What you should do
The listing below should be printed again word for word, without any images.

Material provided
===============

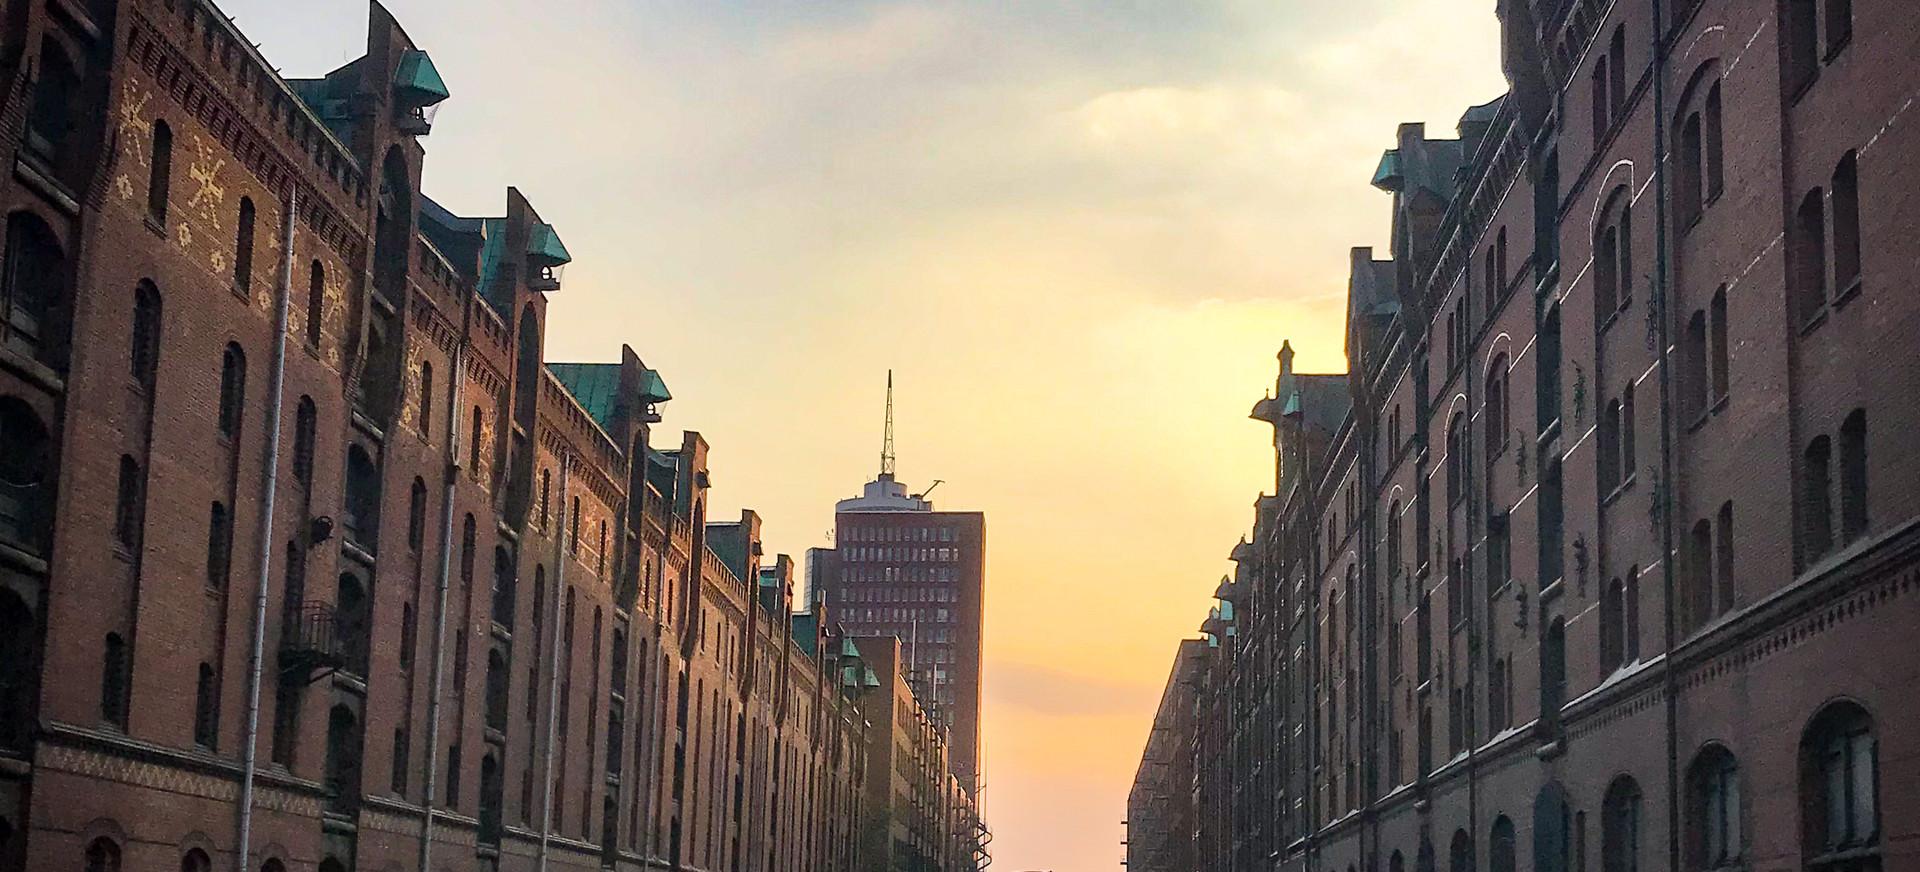 Hamburg 2020 Architectural Shoot
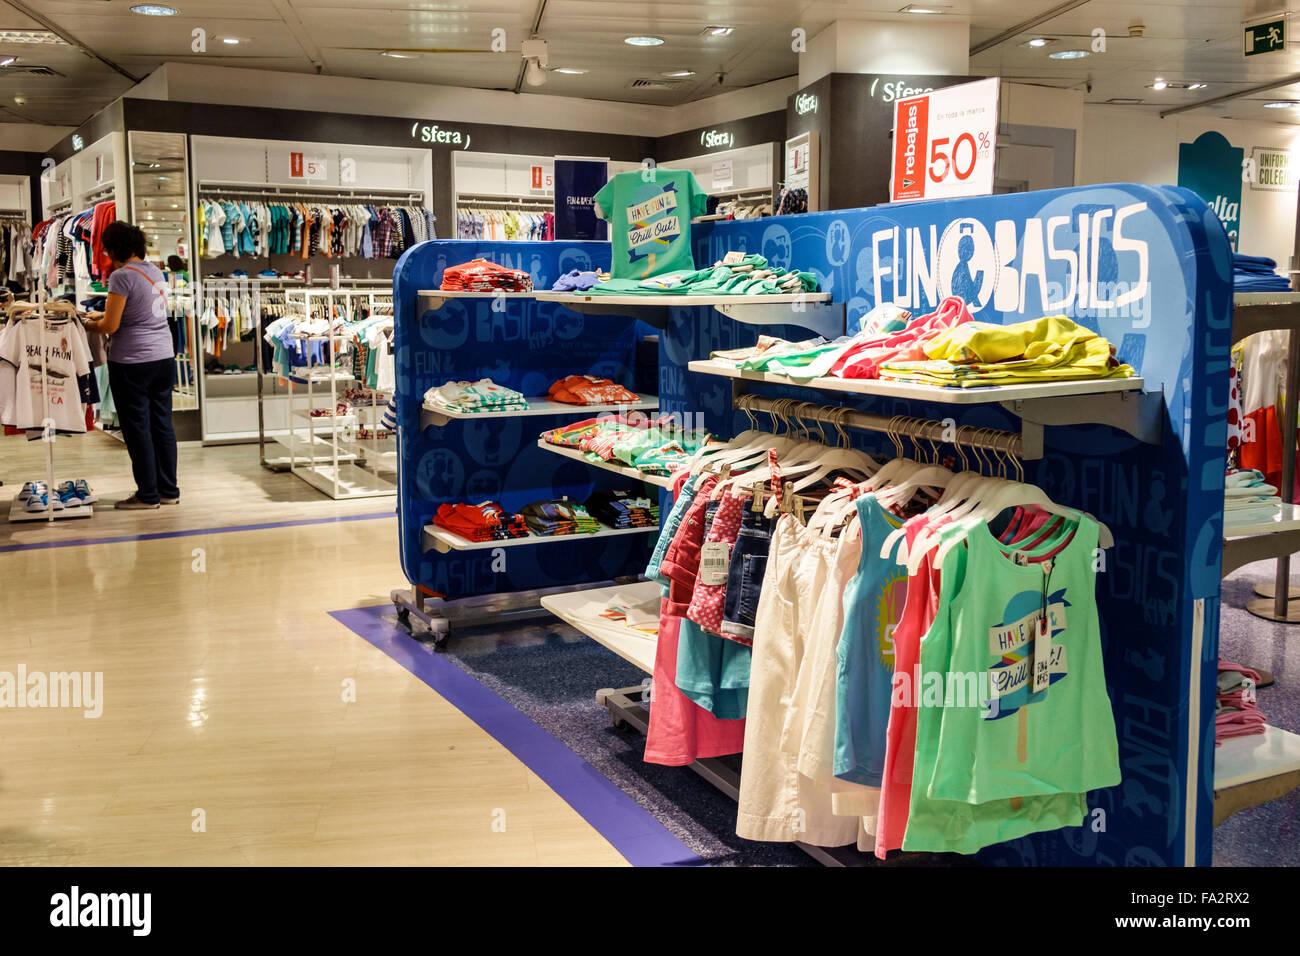 Spain Europe Spanish Hispanic Madrid Moncloa-Aravaca Calle de la Princesa El Corte Ingles department store shopping Stock Photo
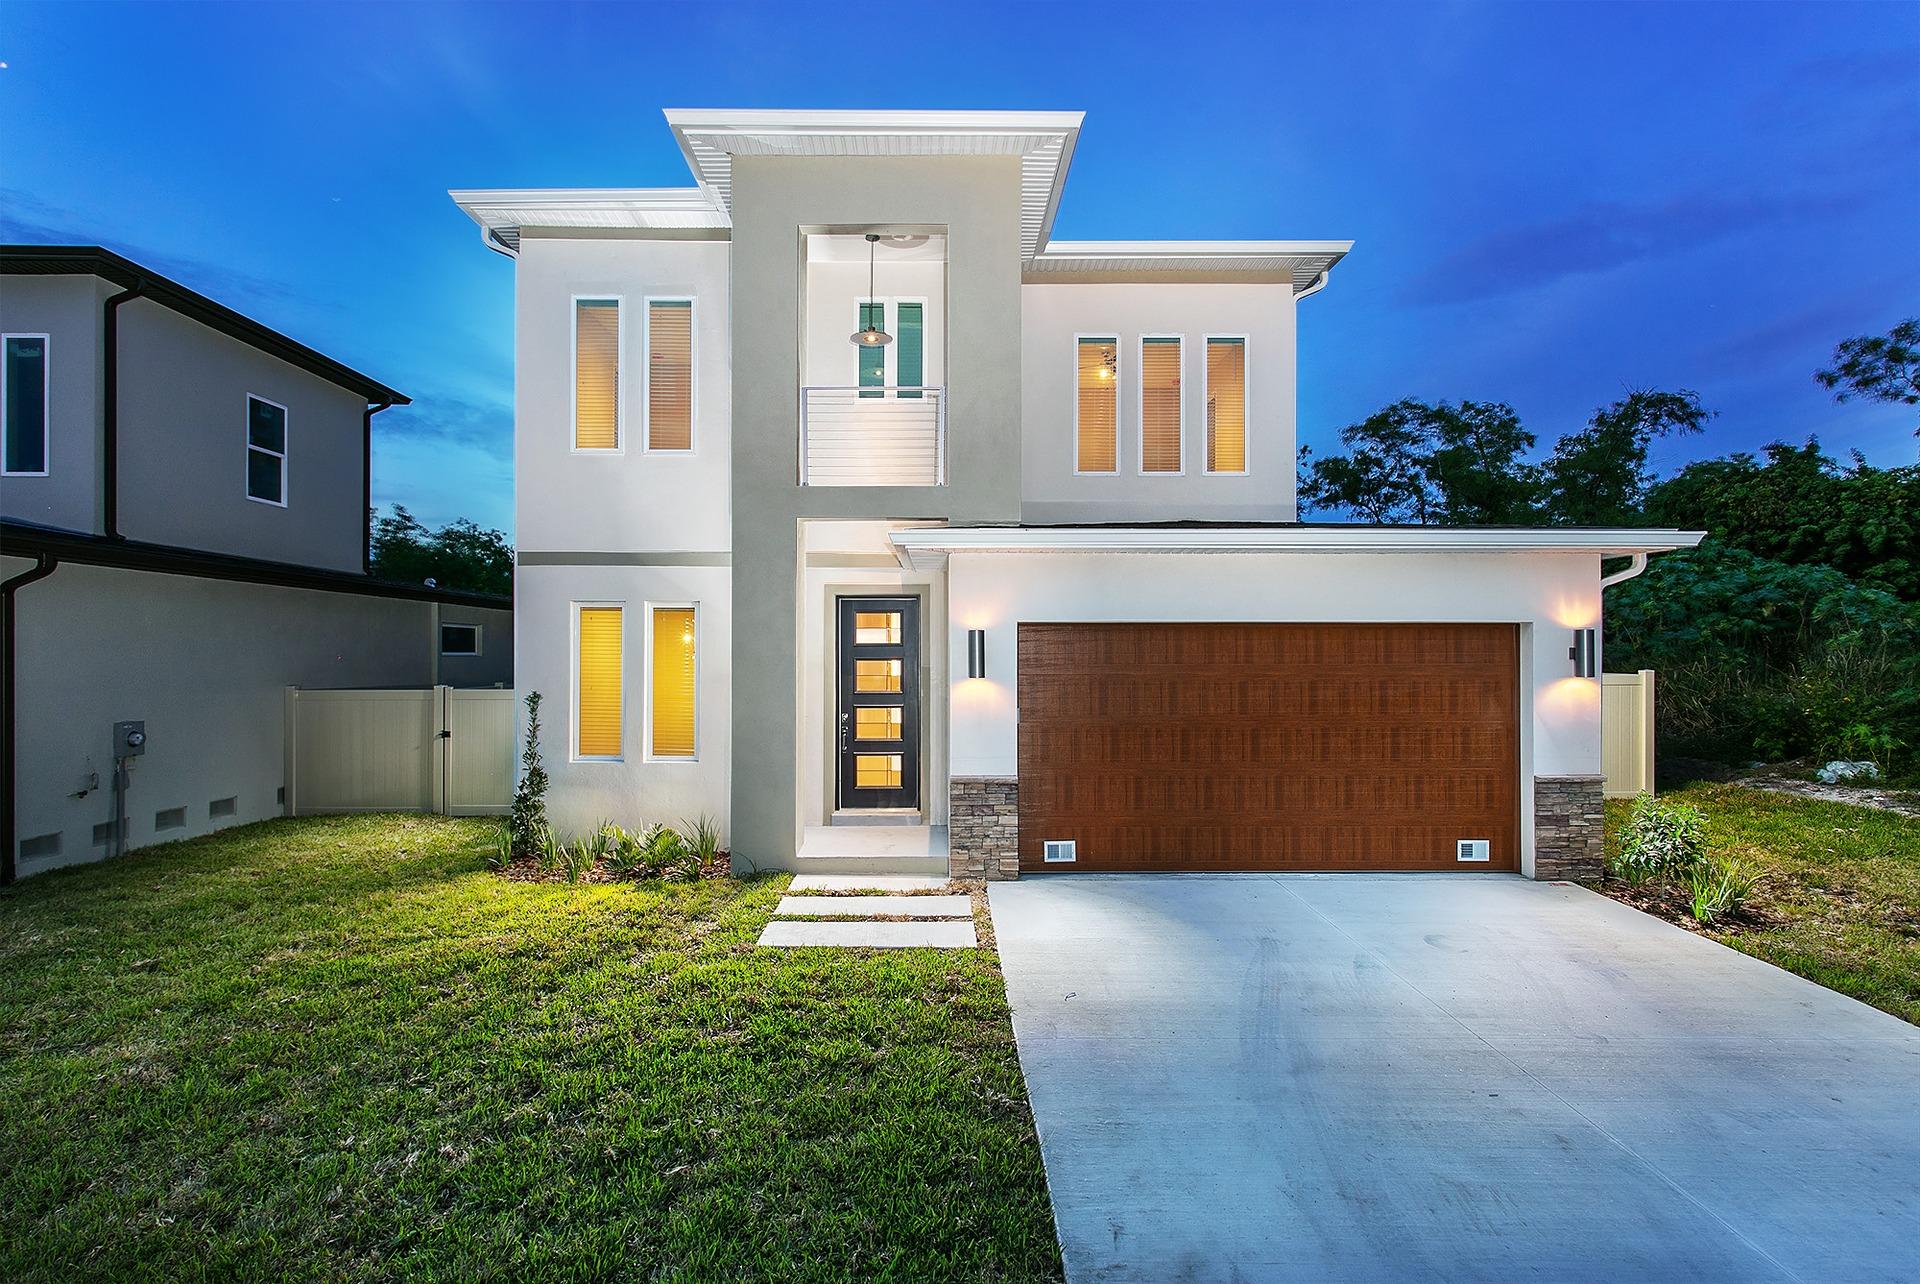 4419 W Richardson Ave Tampa, FL 33616
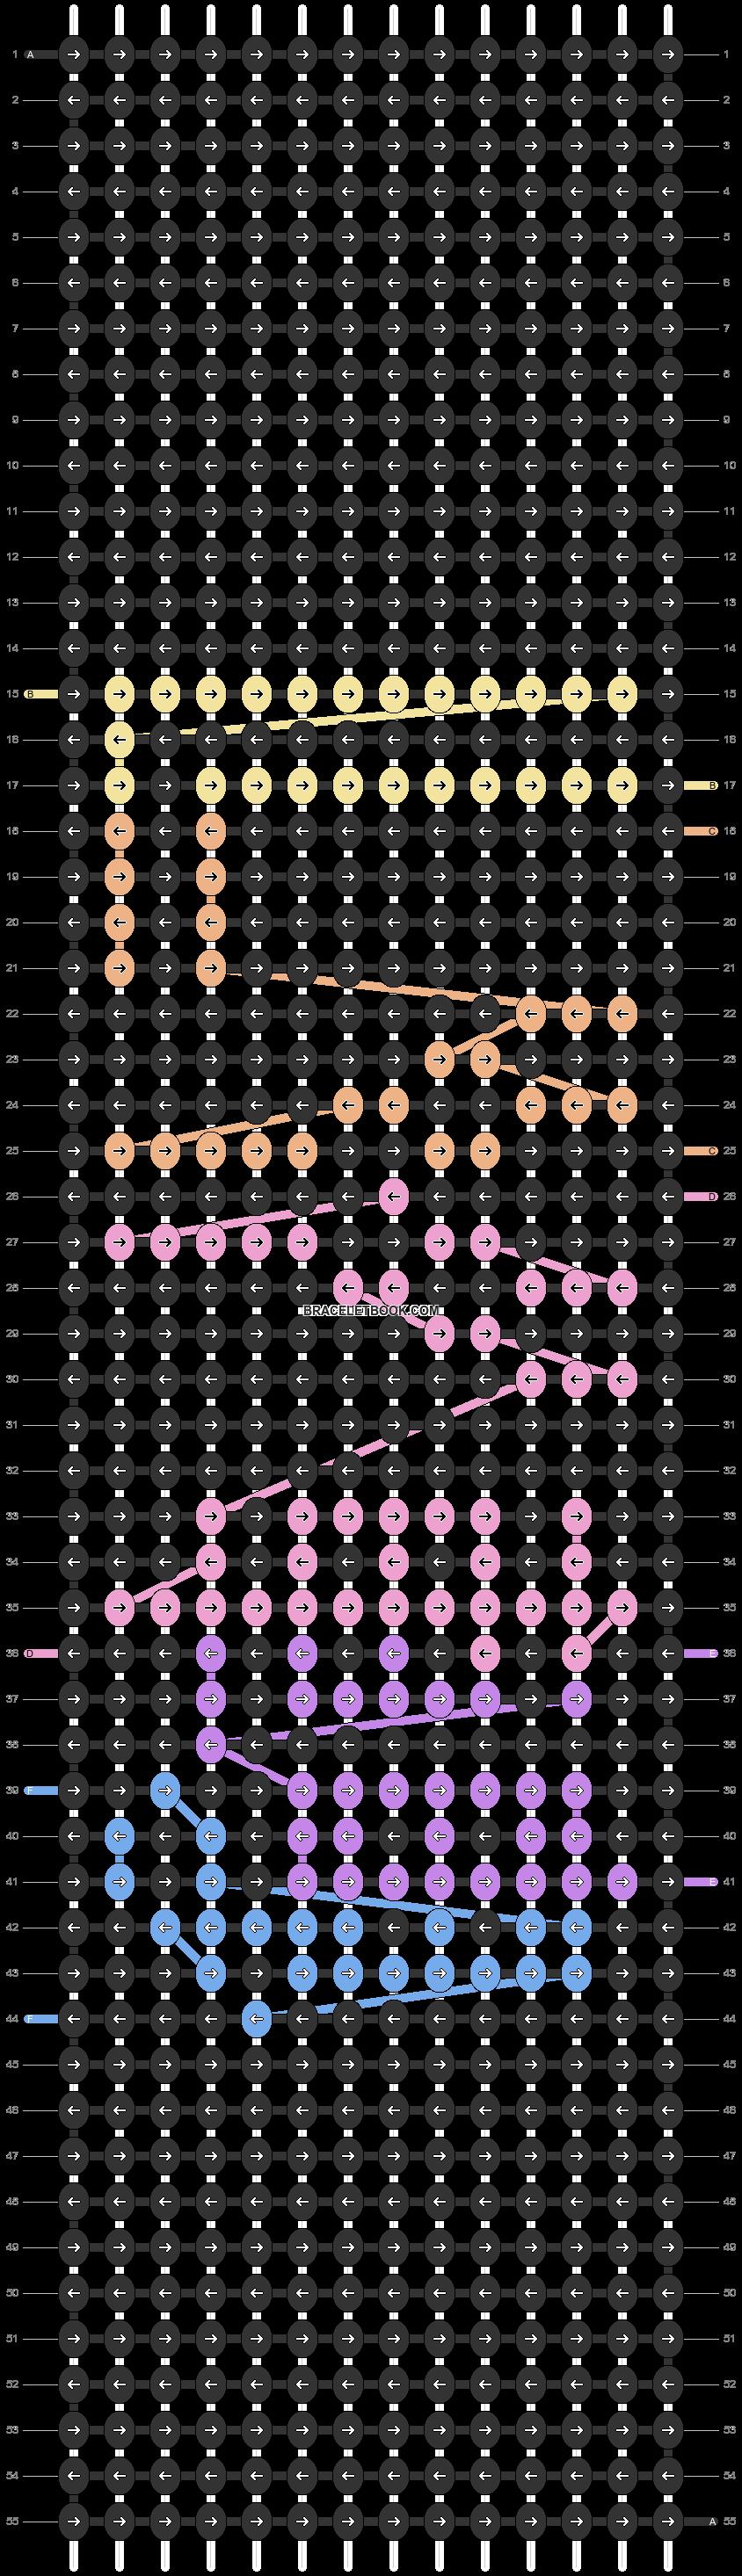 Alpha pattern #57084 pattern

===============

Finished task
 Hamburg 2020 Architectural Shoot
 Spain Europe Spanish Hispanic Madrid Moncloa-Aravaca Calle de la Princesa El Corte Ingles department store shopping Stock Photo
 4419 W Richardson Ave Tampa, FL 33616
 Alpha pattern #57084 pattern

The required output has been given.